PROBLEM DETAILS >> In the data below, one line contains "Pair of kids'" and a later one contains "New York, New". Print both, with every line between them, exactly and alone.

Top of ENTRIES PROVIDED

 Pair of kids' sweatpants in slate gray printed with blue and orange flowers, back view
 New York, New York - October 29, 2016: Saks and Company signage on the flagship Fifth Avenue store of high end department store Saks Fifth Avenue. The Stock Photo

Bottom of ENTRIES PROVIDED
Top of ENTRIES PROVIDED

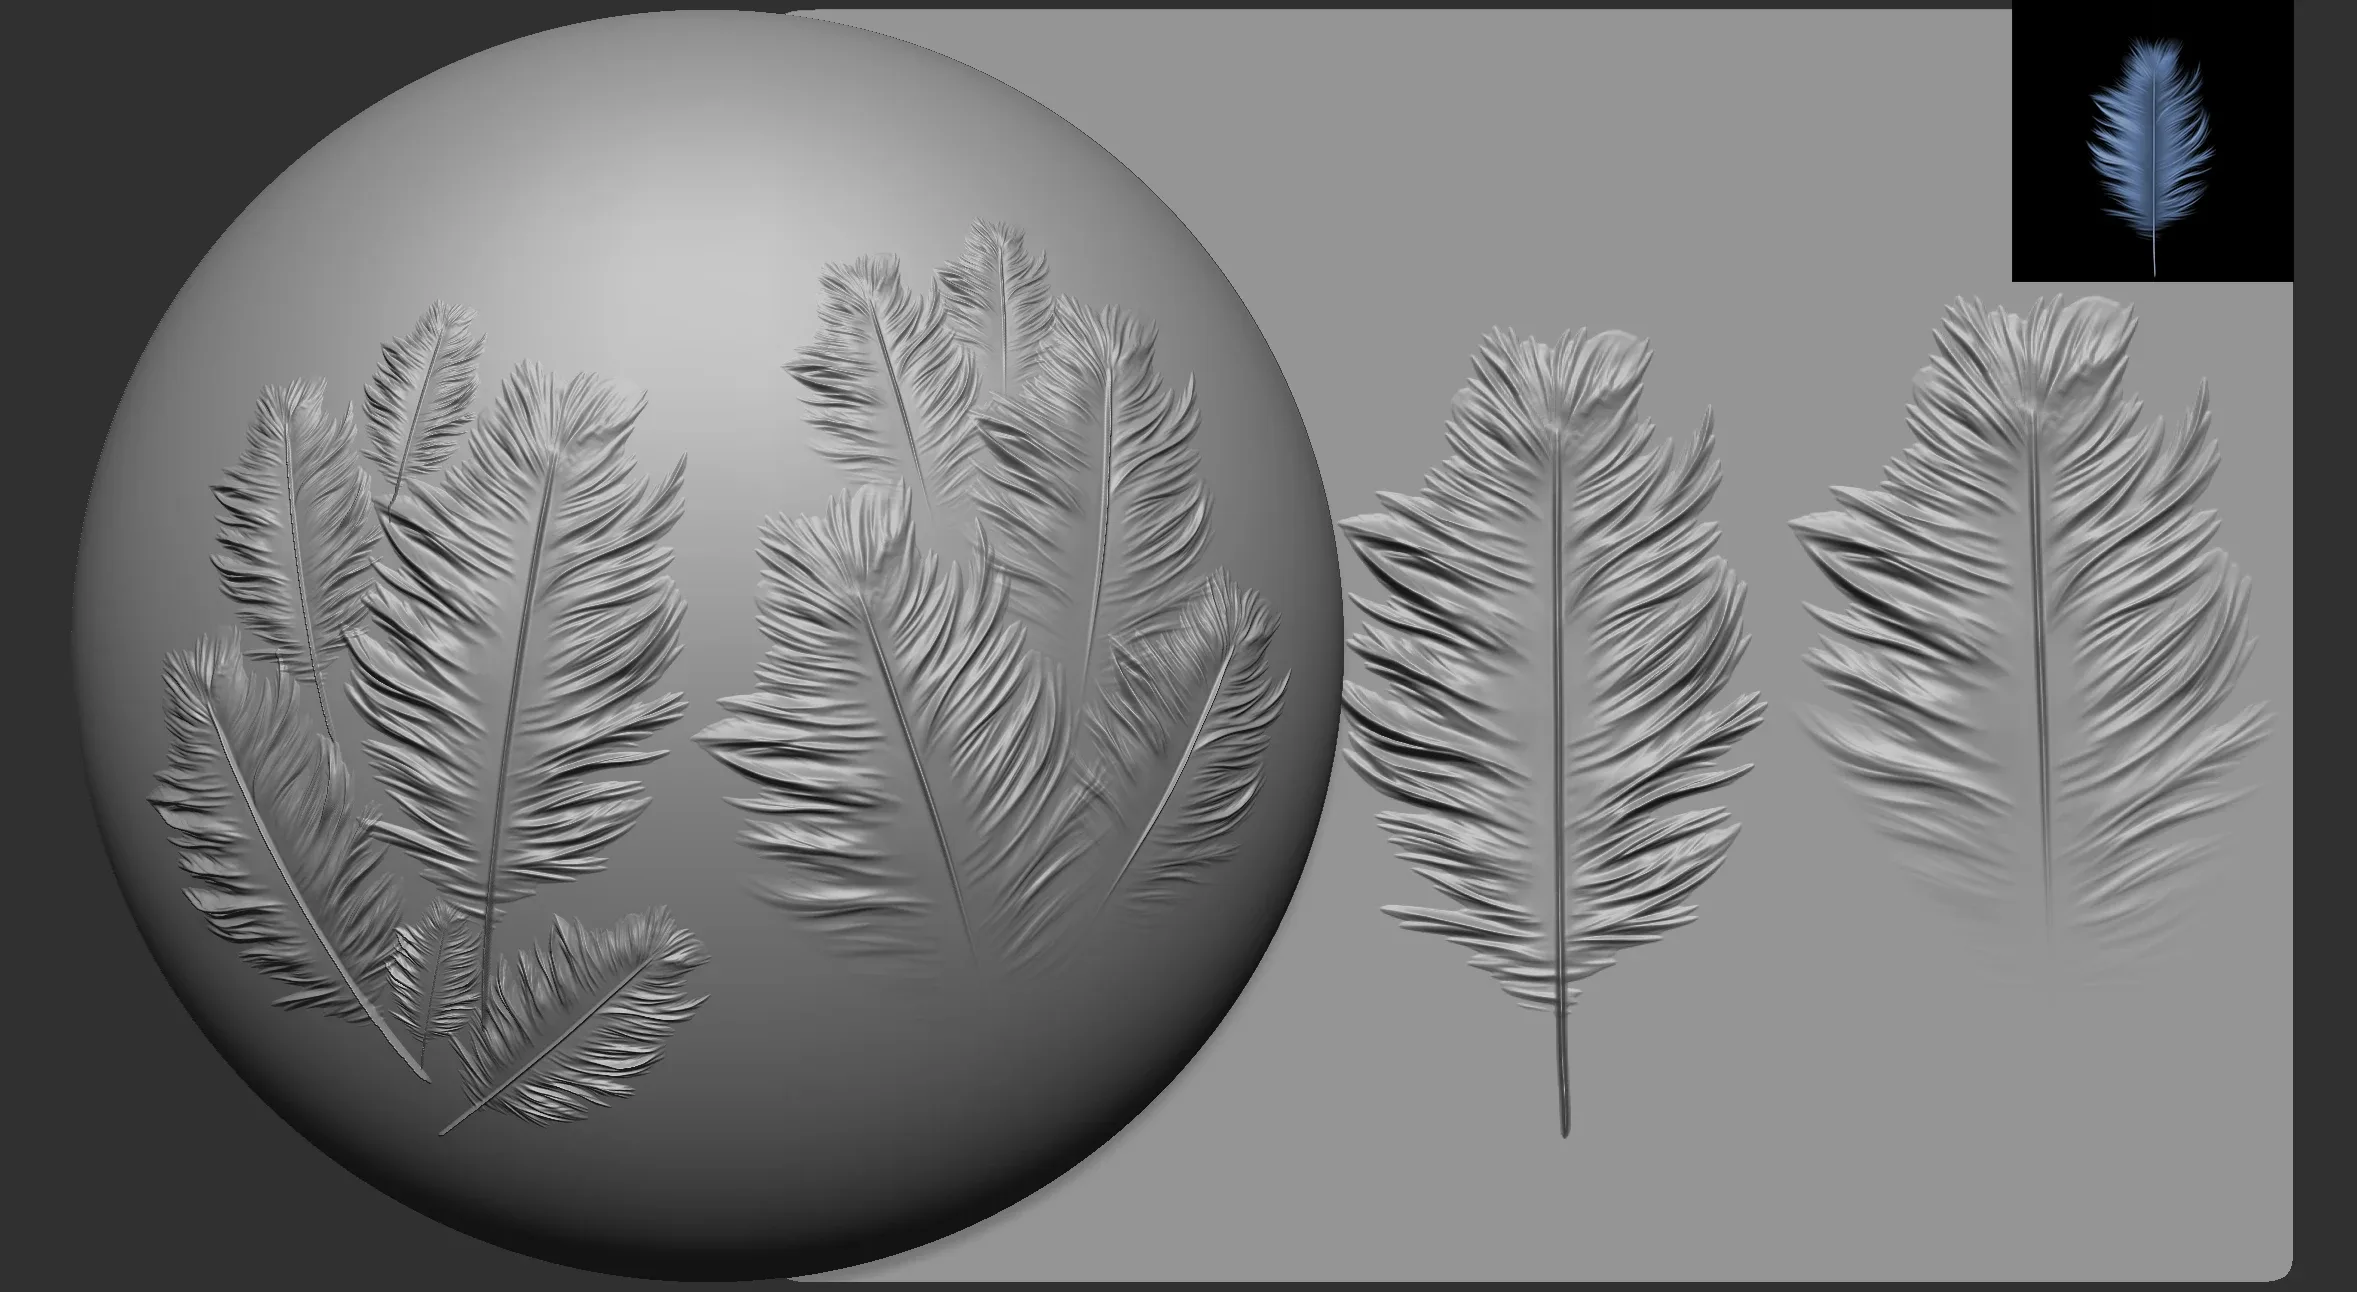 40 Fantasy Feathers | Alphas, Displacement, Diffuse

Bottom of ENTRIES PROVIDED

RESULT >>
 Pair of kids' sweatpants in slate gray printed with blue and orange flowers, back view
 New York, New York - October 29, 2016: Saks and Company signage on the flagship Fifth Avenue store of high end department store Saks Fifth Avenue. The Stock Photo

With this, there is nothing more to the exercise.